ABOUT THIS TASK
Print the entire listing below word for word, excluding its pictures.

DATASET SECTION
□ □ □

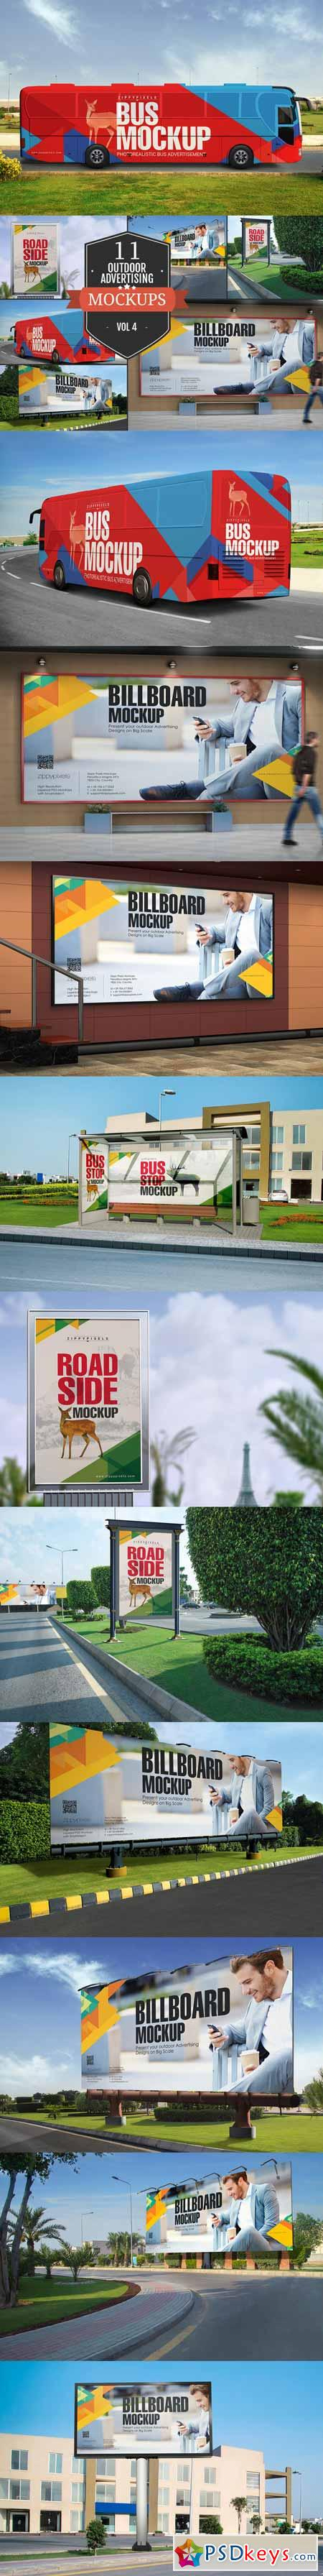 Outdoor Advertising Mockups Vol. 4 372126
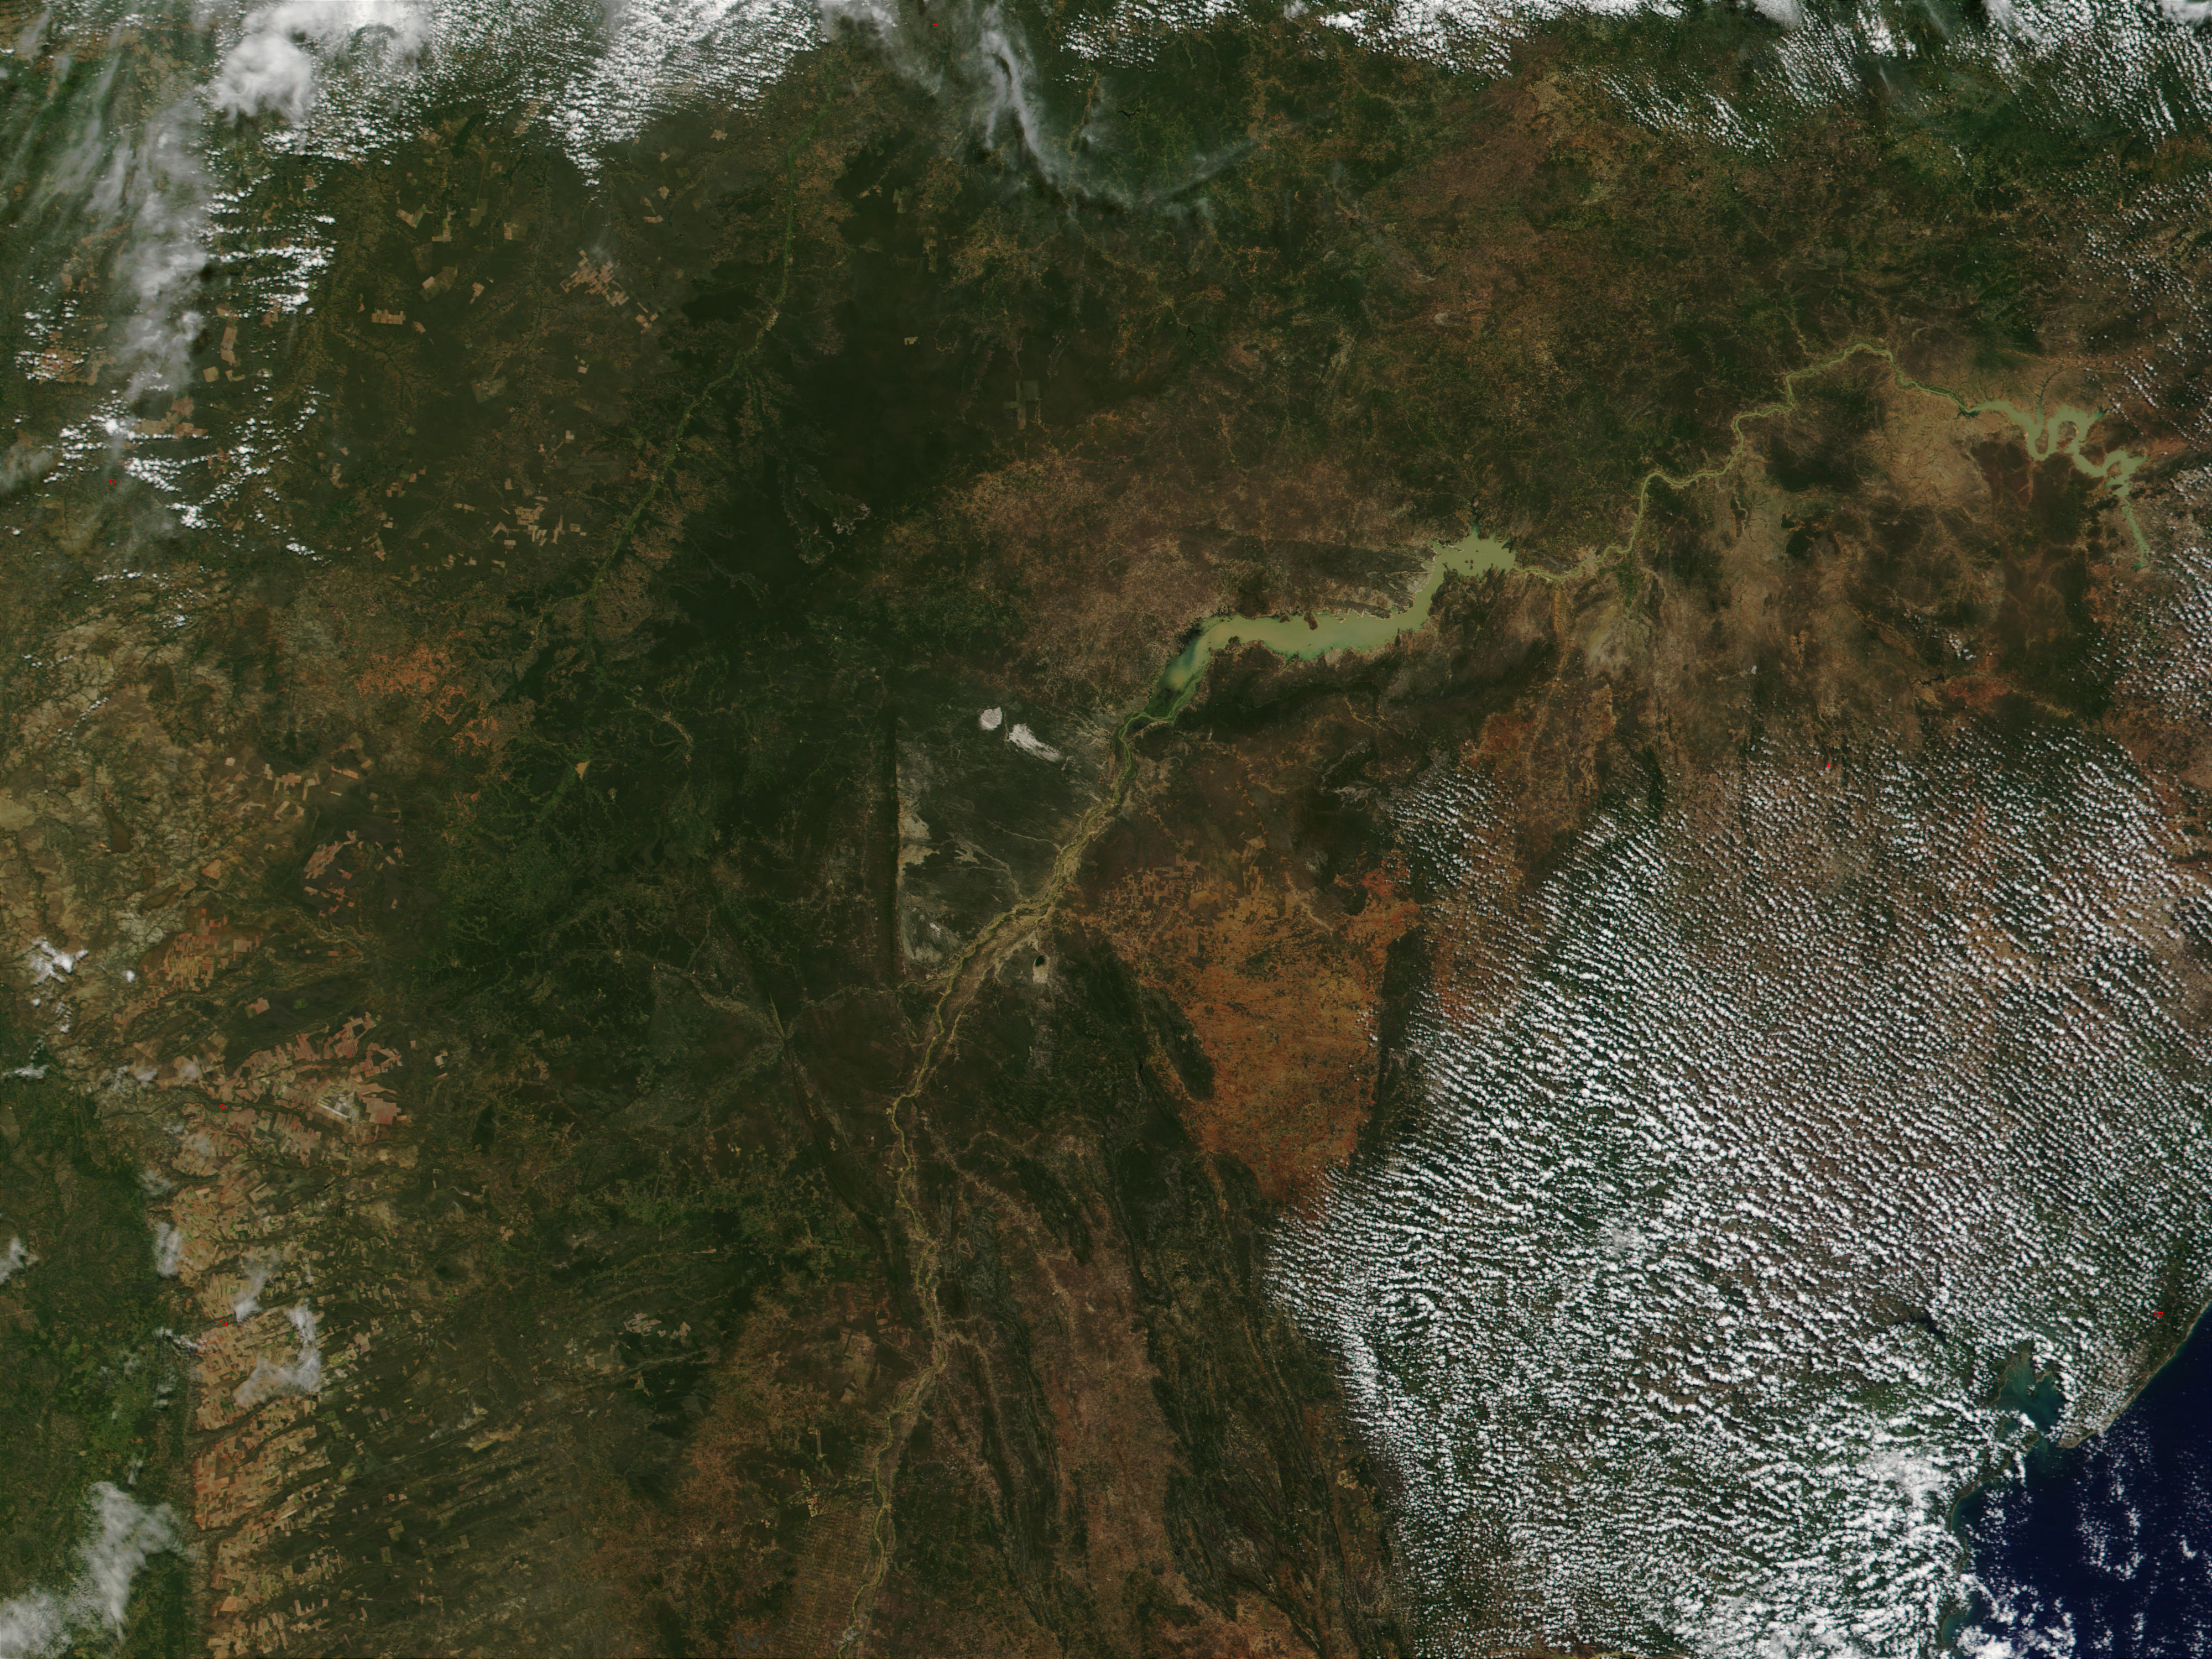 São Francisco River and Sobradinho Reservoir, Brazil
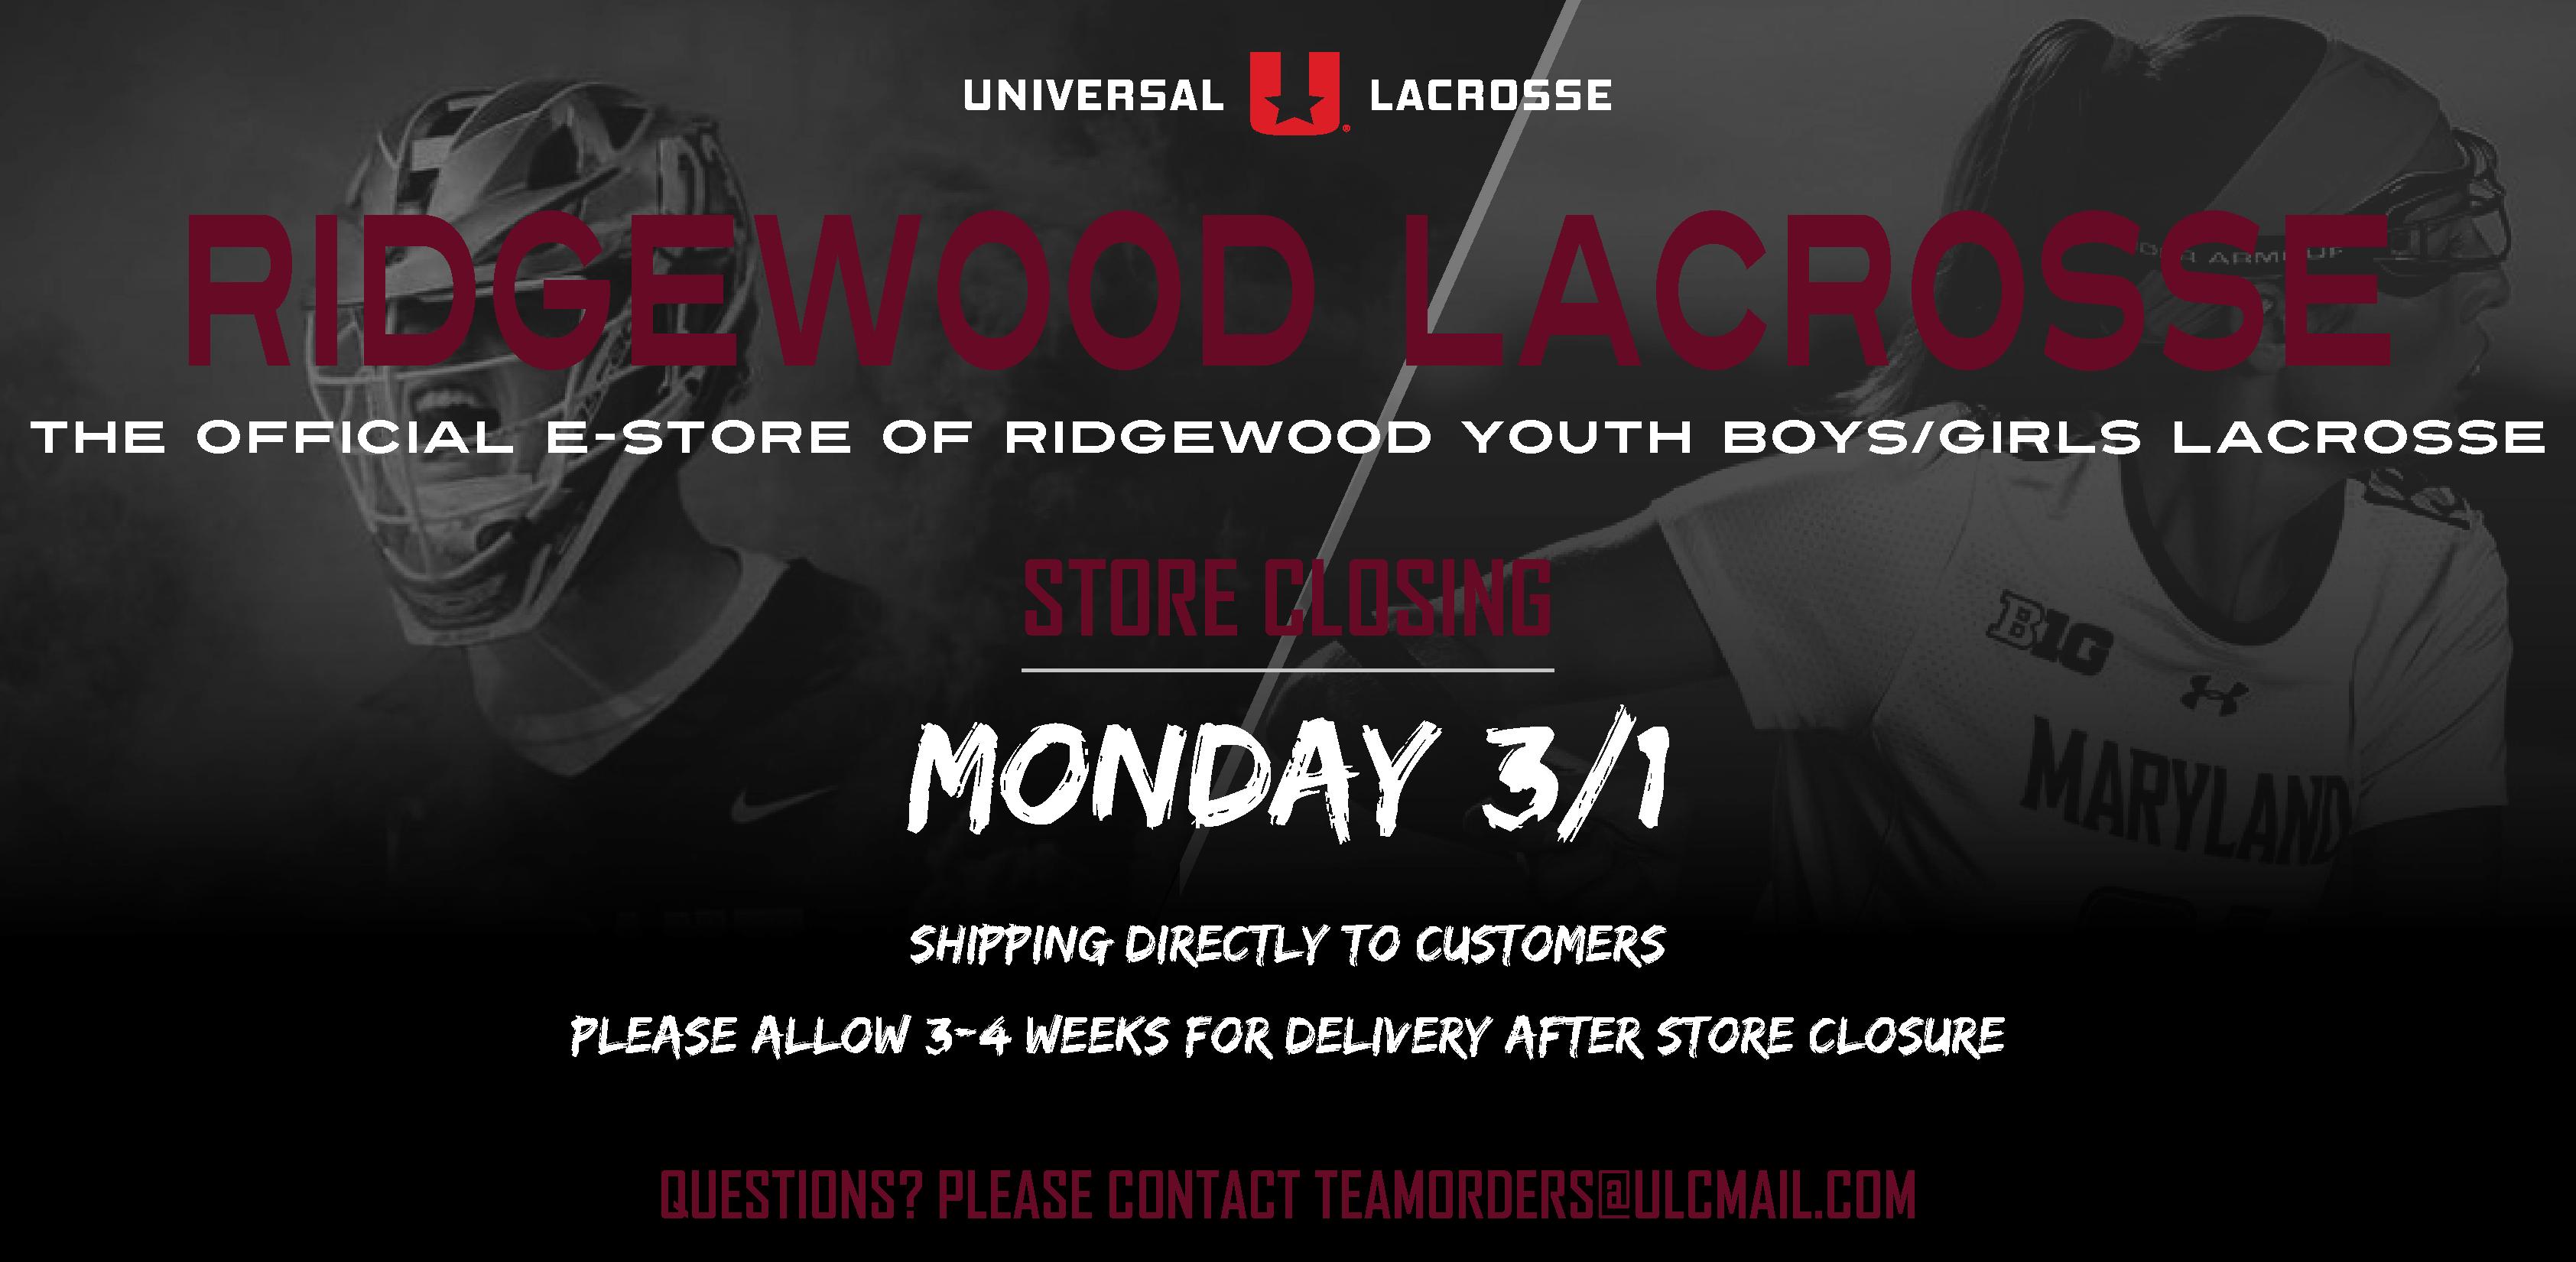 Ridgewood Youth B/G Lacrosse

□ □ □

SOLVED EXERCISE
 Outdoor Advertising Mockups Vol. 4 372126
 São Francisco River and Sobradinho Reservoir, Brazil
 Ridgewood Youth B/G Lacrosse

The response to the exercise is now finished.